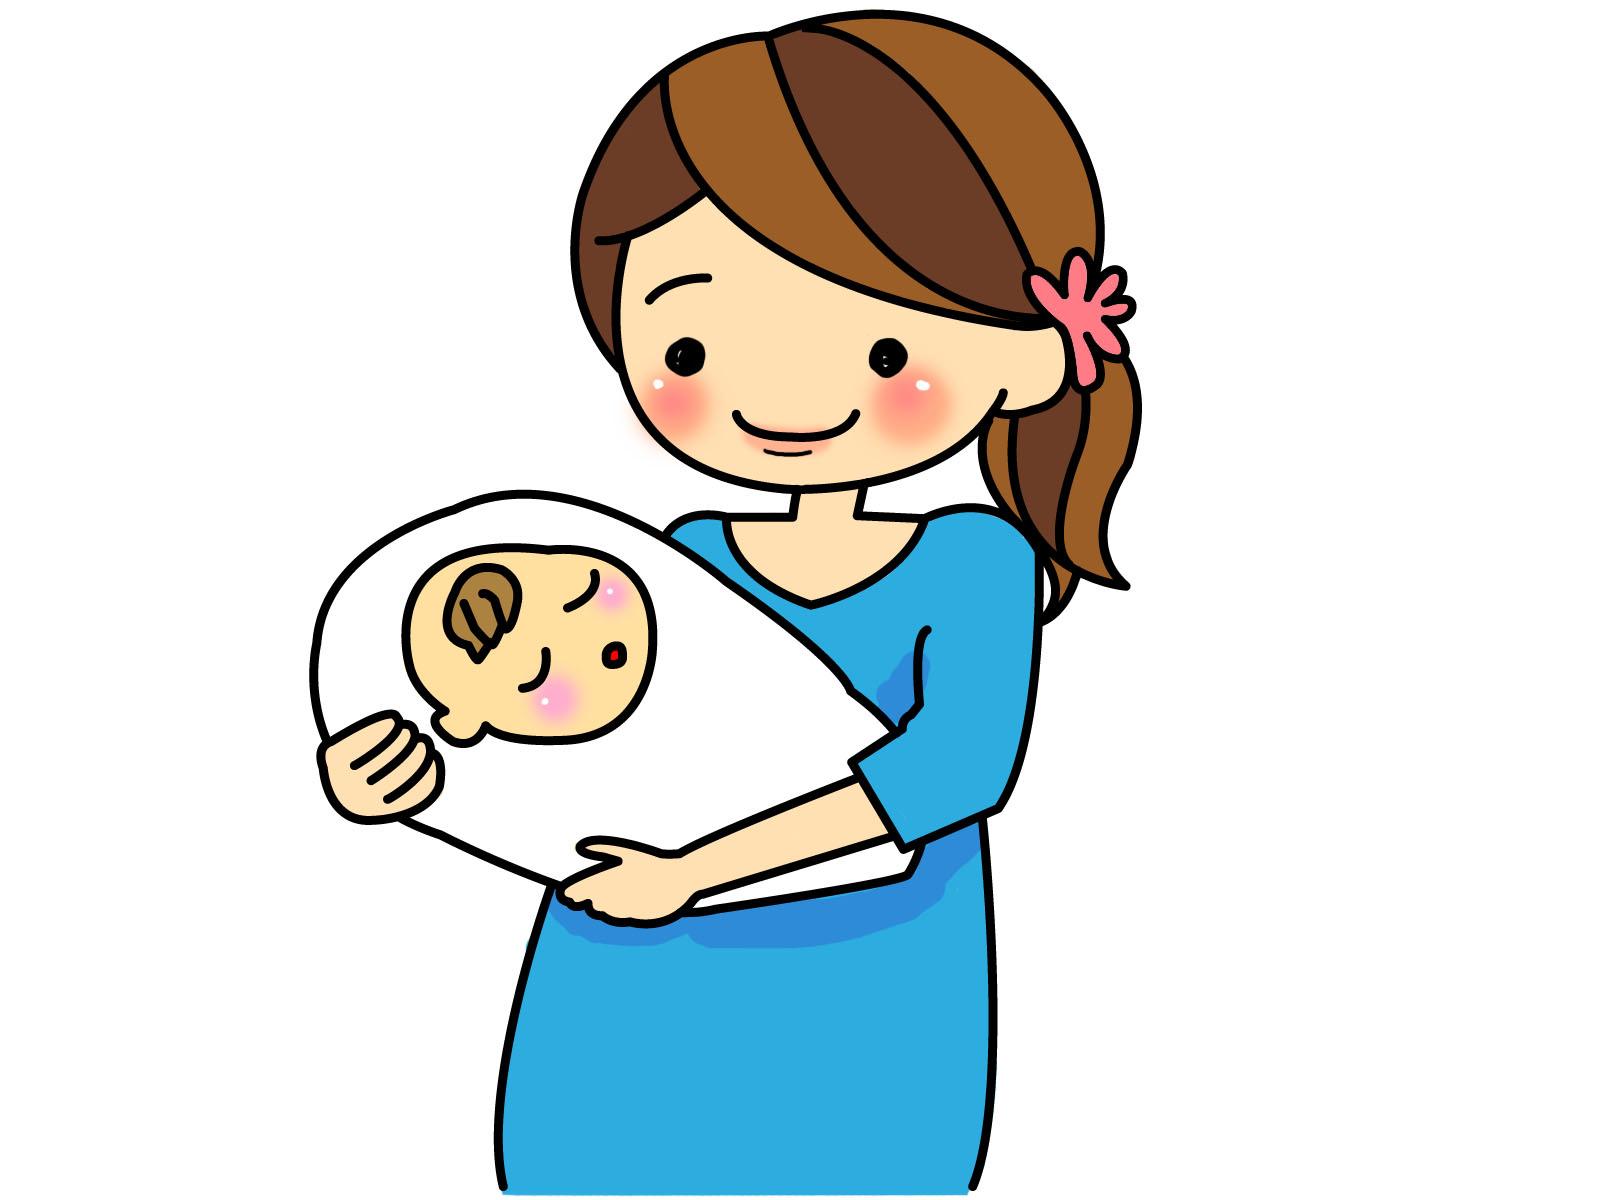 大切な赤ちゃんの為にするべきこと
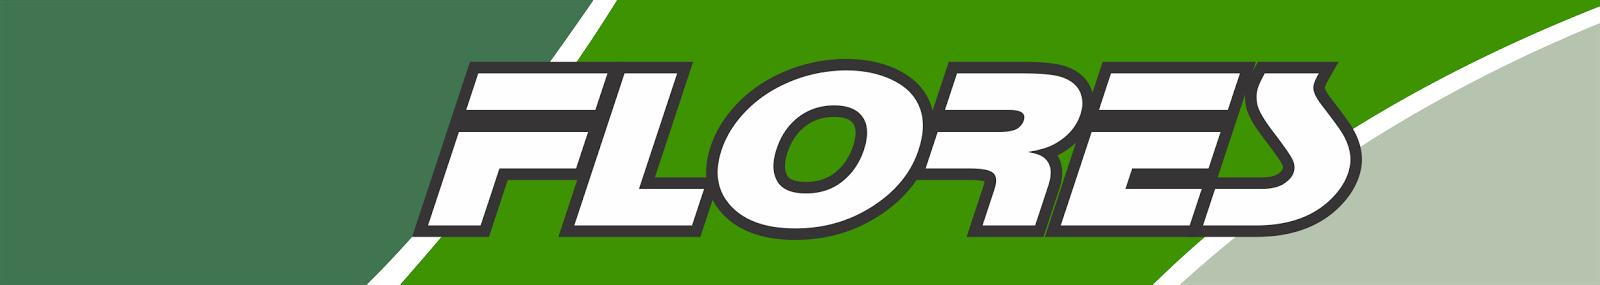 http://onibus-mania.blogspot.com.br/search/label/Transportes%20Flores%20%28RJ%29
* * *
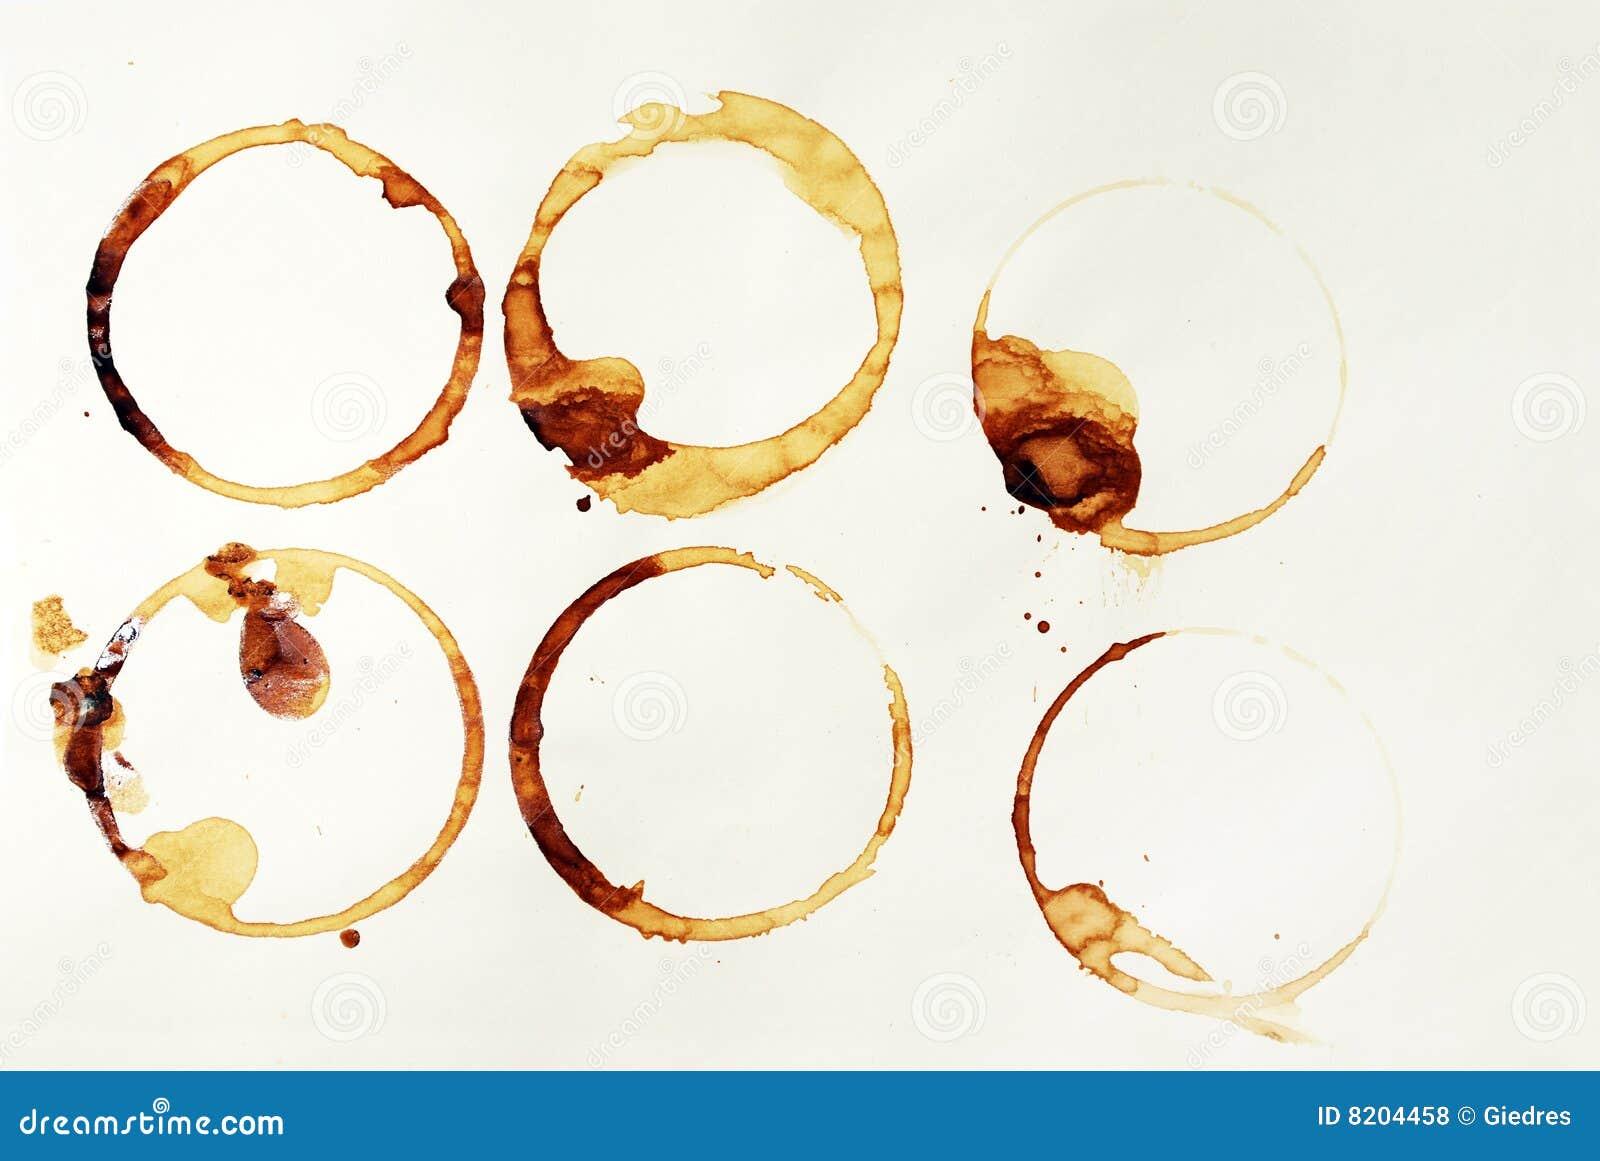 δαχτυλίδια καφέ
==
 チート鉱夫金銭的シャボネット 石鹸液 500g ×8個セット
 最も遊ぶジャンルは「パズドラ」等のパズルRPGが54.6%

**PROBLEM REQUIREMENTS**
Beginning with the line holding "チート鉱夫金銭的シャボネット 石鹸液 500g ×8個セット" and ending with the line holding "最も遊ぶジャンルは「パズドラ」等のパズルRPGが54.6%", write out the stretch of material above exactly; add no further lines.

**RESULT FOR THIS EXERCISE**
 チート鉱夫金銭的シャボネット 石鹸液 500g ×8個セット
 最も遊ぶジャンルは「パズドラ」等のパズルRPGが54.6%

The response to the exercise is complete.